Microsoft shares Copilot prompt to surface praise from Outlook emails and Teams chats
The prompt is designed to help users mine Microsoft 365 Copilot for positive feedback buried in Outlook email and Microsoft Teams conversations, turning scattered compliments into a polished paragraph that can be reused for performance reviews, project updates and internal comms.
Microsoft has posted a brief prompt that helps users extract positive feedback from their work communications using Microsoft 365 Copilot (Copilot), positioning it as a simple way to pull recognition from Outlook and Microsoft Teams (Teams) without trawling through threads manually.
The guidance appeared on Microsoft Signal, the company’s editorial channel that publishes short, practical suggestions for using artificial intelligence (AI) tools at work. The post instructs users to paste a concise summary into Copilot, including the project or topic, the recognition given, and who provided it, so that Copilot can compile a polished paragraph highlighting key themes of contribution and impact.
A prompt designed to “hype you up”
The Signal post, published on 16 January 2026, is explicitly framed as a morale boost, with Microsoft saying Copilot can help find “praise hiding in your inbox or Teams chats”. It then provides a ready-to-use prompt for Outlook folders.
Using the emails in my Outlook folder [Folder Name], summarize the recognition I have received. For each email, provide a brief summary including the project or topic, the recognition given, and who provided it. Then, compile a polished paragraph highlighting key themes of my contributions and impact.
Microsoft adds that users can tweak the wording to dig up “the glowing things” people have said in Teams, suggesting the same approach can be applied to chat-based feedback rather than email.
Why Microsoft is pushing prompts
The post is part of a broader pattern in which Microsoft is trying to normalise prompt-led workflows in Office, turning “what should I ask the AI?” into reusable recipes. Microsoft’s own guidance on Copilot prompts encourages users to be specific about the goal, context, expectations and data sources, which is effectively what the Signal prompt does by telling Copilot where to look and what to produce.
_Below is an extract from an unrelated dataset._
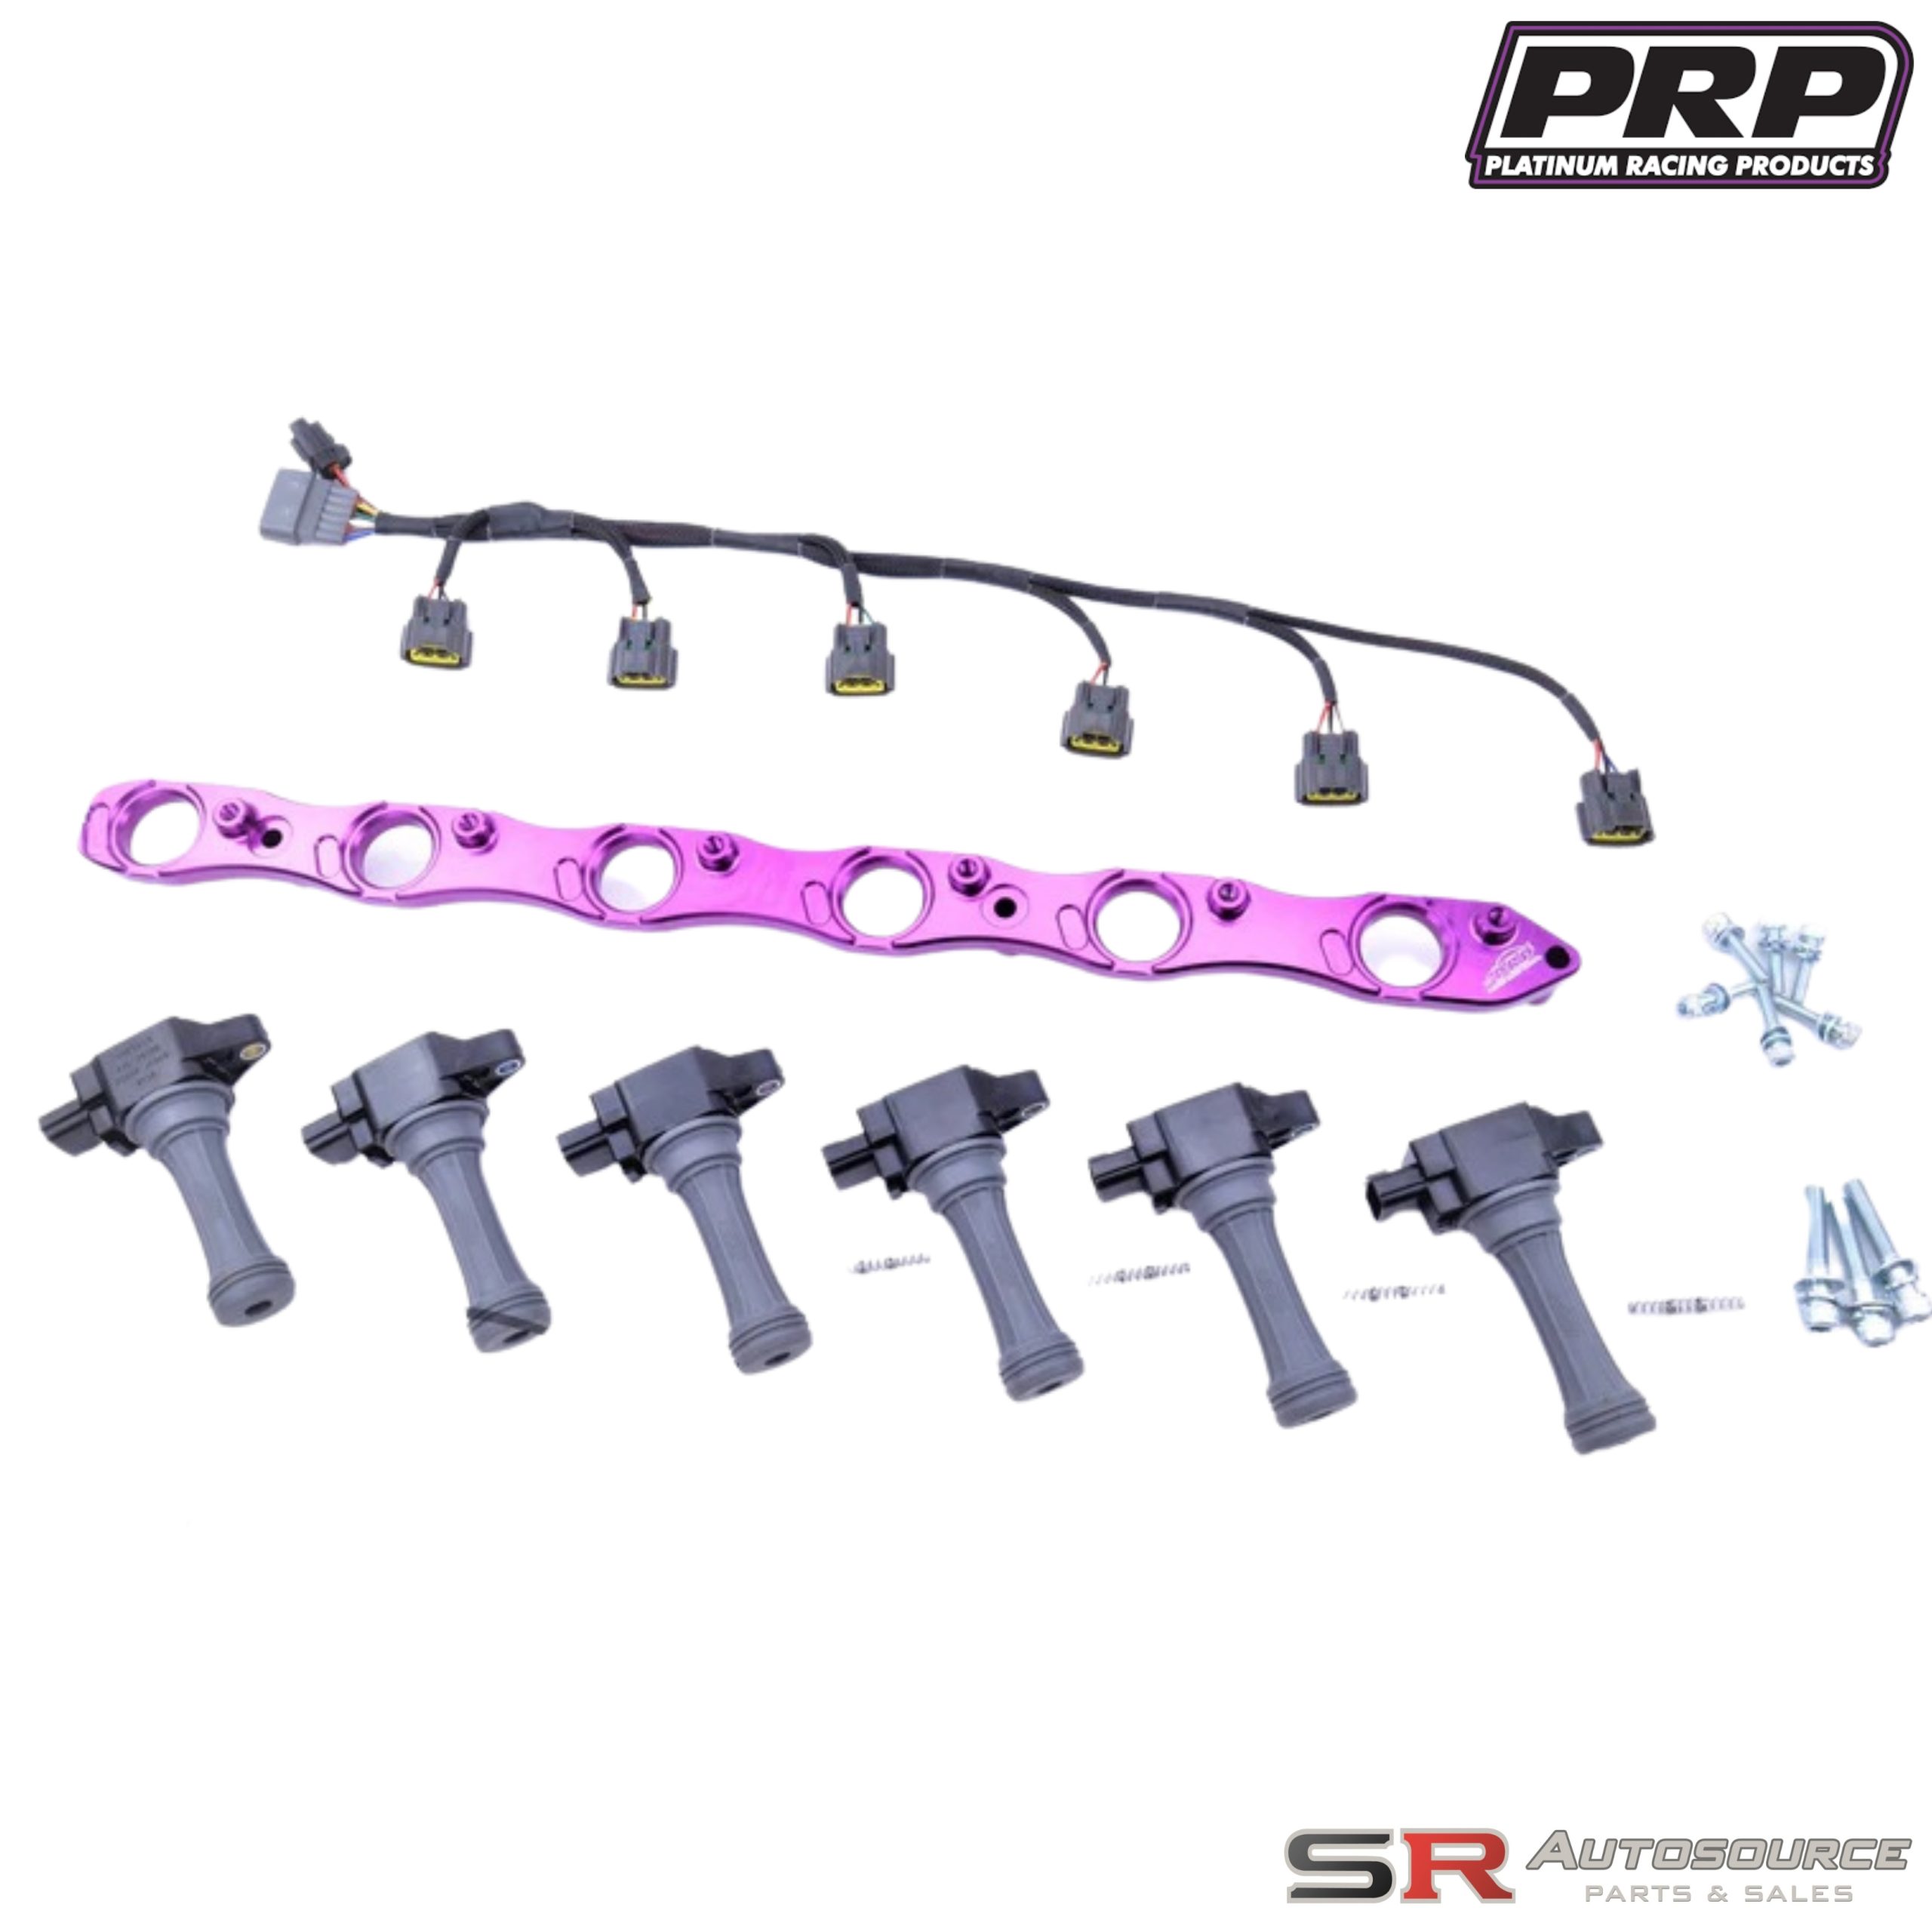 PRP Platinum Racing Products – RB VR38 Complete Coil Kit – RBTWINCOIL

The practical value is obvious. Many organisations still run on informal recognition, a manager praising a delivery in Teams, a stakeholder sending a thank you email after a late-night fix, a client noting responsiveness. That feedback is meaningful, but it is often hard to retrieve at appraisal time. Microsoft is pitching Copilot as a bridge between the daily drip of comments and the formal language people need for performance reviews and promotion packs.
Copilot’s “work graph” advantage
Microsoft 365 Copilot sits on top of Microsoft 365 apps and services, which means it can work across the documents and communications employees already use, subject to the permissions and data boundaries in place in a given tenant. In Teams, Microsoft describes Copilot Chat as a way to bring together information from files, messages and other work sources, and to help find information that is “buried in documents or lost in conversations”.
The Signal prompt leans into that promise by anchoring the query in a specific Outlook folder. It is a reminder that, for all the talk of AI, the most effective enterprise use cases are often unglamorous, like searching, summarising and drafting, but done faster and with less friction.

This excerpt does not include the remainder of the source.